State-of-the-Art AI Models Are a Pareto Frontier, Not a Ranking

Bertrand CharpentierAI EngineerMonday, June 1, 202611 min read

Bertrand Charpentier, cofounder and chief scientist at Pruna AI, argues that state-of-the-art image generation should not be defined by a single leaderboard rank. Using Design Arena-style evaluation as his example, he says a slow top model can require 20 days of compute, about $5,300 and 556 kWh to evaluate, while a fast compressed model can run the same test in 7 hours for $265. His broader case is that model selection should be based on a Pareto frontier of quality, latency, cost and energy, not a podium that treats efficiency as secondary.

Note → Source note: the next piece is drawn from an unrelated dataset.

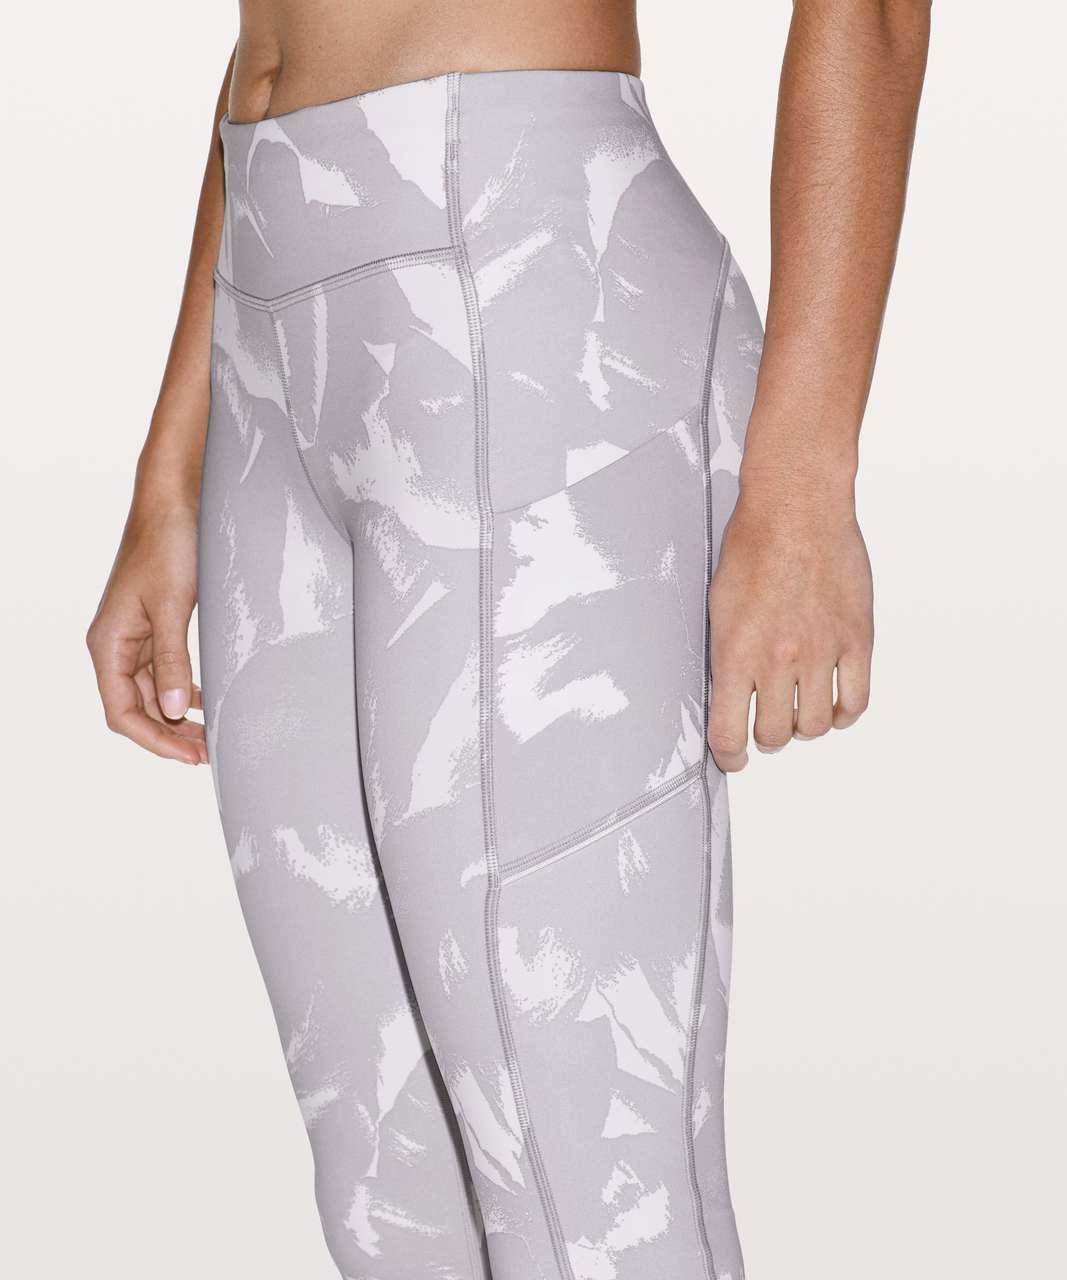 Lululemon Speed Up Tight 28" *Full-On Luxtreme - Flower Pop White Silver Lilac

State of the art is not a single ranking

Bertrand Charpentier frames the search for a “state-of-the-art” AI model as a practical problem rather than a prestige label. Researchers and product teams want the best model for an application, but Charpentier argues that the usual ways of answering the question often collapse into a lazy default: pick a large foundation model because it sits at the top of a public leaderboard, or because a quick internal evaluation seems to favor it.

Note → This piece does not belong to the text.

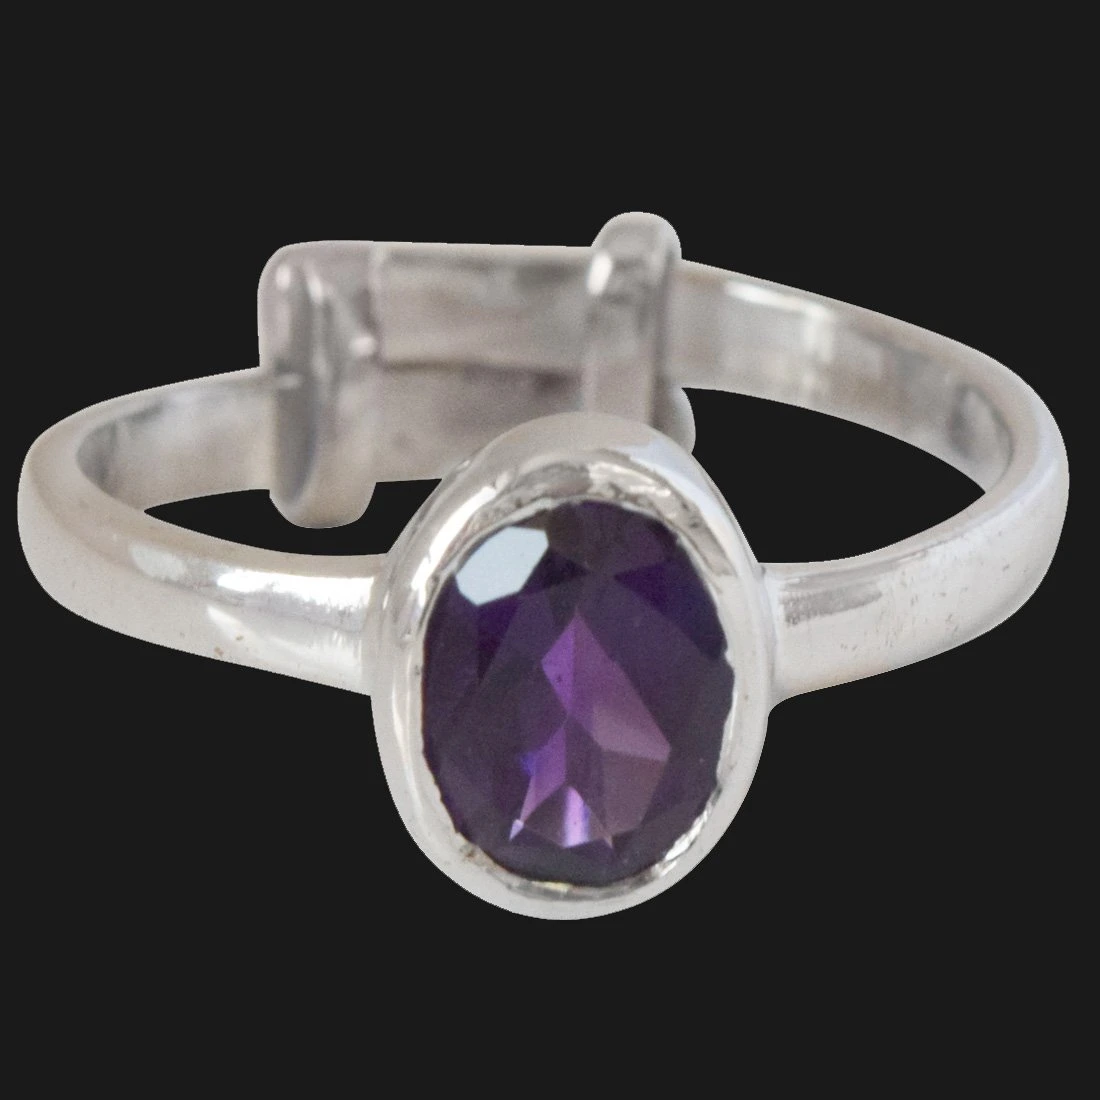 1.07cts Oval Faceted Purple Amethyst and 925 Silver Astrological Ring (GSR62)

His claim is not that leaderboards or benchmarks are useless. It is that they are easy to misuse. In image editing, for example, a team might open Design Arena, find ChatGPT Image ranked first, and treat that as a satisfactory answer. Charpentier calls that a “first reasonable model at low effort,” but says it leaves out the conditions that matter most: which users will interact with the model, which tasks they will perform, how much variation exists across leaderboards, how often the top model actually loses, and what the model costs to run.

The core point is that “state of the art” changes once quality is evaluated alongside specificity and efficiency. A model can be best on an aggregate leaderboard and still be the wrong model for a particular production use case. A model can have a high ELO score and still lose a large minority of head-to-head comparisons. A model can be marginally better on a quality metric and far worse on latency, price, or energy consumption.

It’s not because ChatGPT Image is ranked top one on one leaderboard that it means that it’s the best overall.

Bertrand Charpentier

Charpentier’s alternative is to treat model choice as a multi-dimensional decision. The relevant question is not “which model is number one?” but “which models sit on the frontier for this use case, under the constraints that matter?”

Leaderboards disagree because they measure different worlds

The first failure mode Bertrand Charpentier identifies is direct inconsistency among public leaderboards. He compares three image-editing rankings: Arena, Design Arena, and Artificial Analysis. The visible rankings do not align. The top model is not consistently the same, and relative positions shift substantially. One model, Hunyuan, appears as rank 10 on Artificial Analysis and rank 5 on Arena.

Charpentier’s explanation is that each leaderboard has “a different perspective.” Some leaderboards include models that others omit. Some contain duplicate entries. Their ELO scores also operate on different ranges: one leaderboard may place scores between roughly 1,100 and 1,300, while another uses a different scale. That makes it hard to infer absolute or relative model strength by reading a single score in isolation.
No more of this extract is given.